Uriah Heep is a band whose live concerts are amply captured on video. I myself have quite a few of the band's live concert videos on DVD, but until now I've never had the pleasure to see the present concert film capturing the band live in Moscow in the late 80's. Apparently, Uriah Heep became the first Rock band from the West to break through the Iron curtain and perform on the other side. As such, this video is of historic importance regardless of what you think about Uriah Heep's music. But for those of us who do like their music, it is exciting to consider that it (and Rock music in general) was one of the forces that helped to bring an end to Communism in Eastern Europe.
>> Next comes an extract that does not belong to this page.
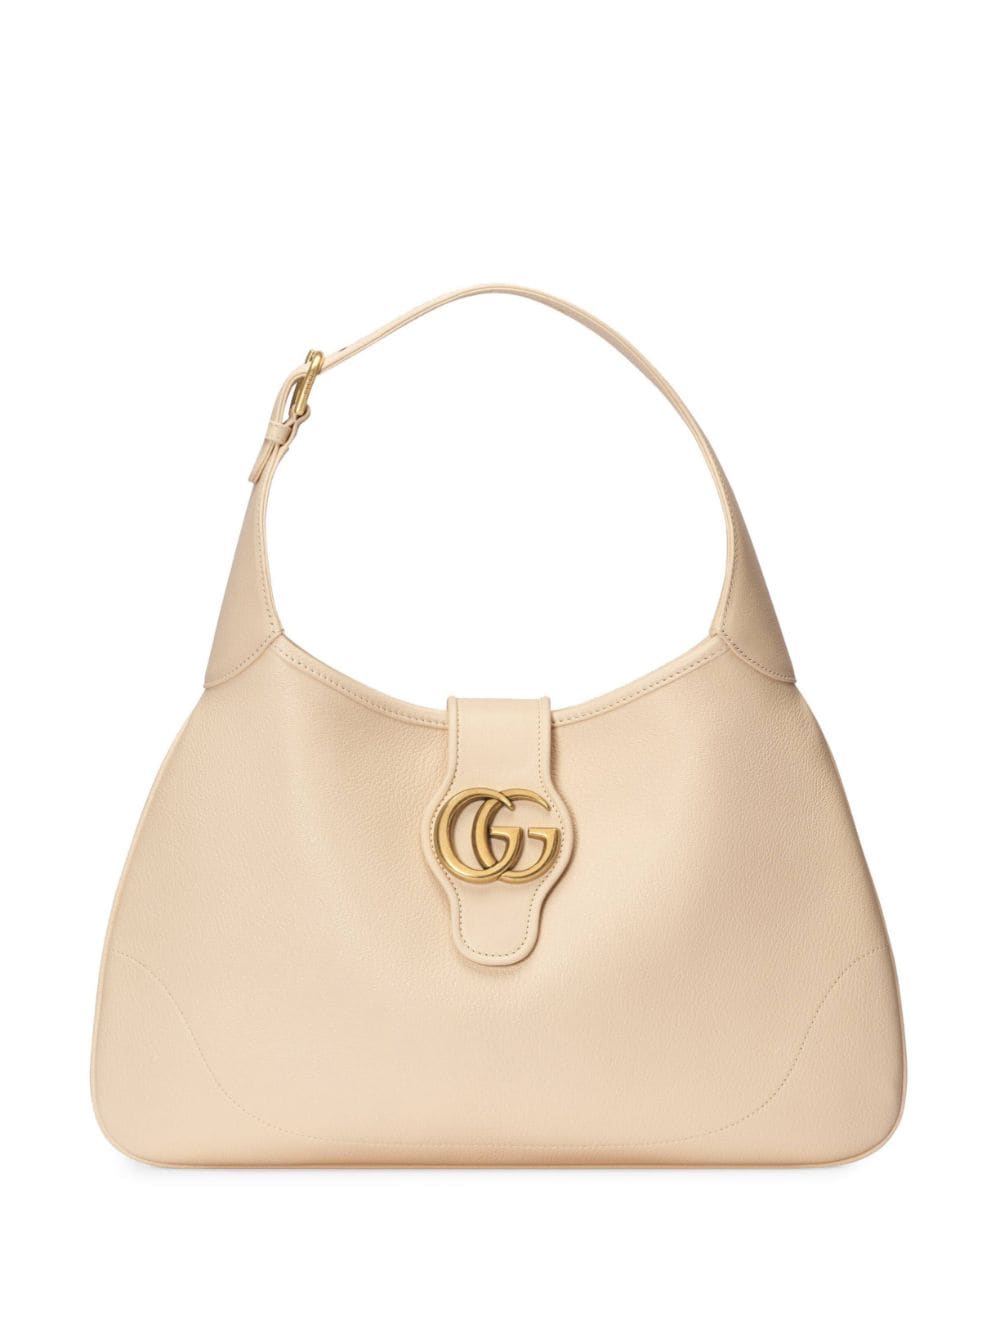 Gucci Aphrodite Embellished Leather Shoulder Bag - Cream - One Size

It is undoubtedly true that music can empower people (which was probably why the authorities wanted to suppress it).

This film is however noteworthy not just for reasons of political history. It also marked the beginning of a new line-up of the band--a line-up that would go on to be the longest lasting and most stable line-up in the band's history. Moreover, the set list contains three songs that are not included on any of the band's studio albums. These are Pacific Highway, Corina, and Mr. Majestic. The latter is particularly interesting as it features lead vocals by Phil Lanzon (the band's new keyboard player at the time and who wrote the song). Lanzon is not a great singer, and it is by no means a great song, but it is rather interesting to hear it as it stands apart from the band's regular repertoire. Pacific Highway and Corina are, by contrast, rather typical Uriah Heep numbers of this era and would have fitted well on Raging Silence.

The band are energetic and very much in their element throughout. The new members of the band fit right in; Lanzon is on fire on the keyboards and Bernie Shaw is a fantastic vocalist and showman. The classic songs performed include Look At Yourself, Easy Livin', Gypsy, July Morning, and The Wizard, and the 80's are represented by Too Scared To Run. All of these are really good songs and this rendition of Gypsy is particularly interesting due to the symphonic keyboard interlude it contains. As far as I understand this film doesn't feature the complete set list that was performed at these concerts. The live album from the same concerts contains a few songs that are not present here (and vice versa). As such, neither release seems to be complete. But this doesn't detract from my enjoyment of this film.

This is definitely a very good addition to any Uriah Heep collection and essential for fans, but it is not their best live concert video (my two favourites are Magic Night and Acoustically Driven) and certainly not the only one you need to have. Still, it is worthy of four stars.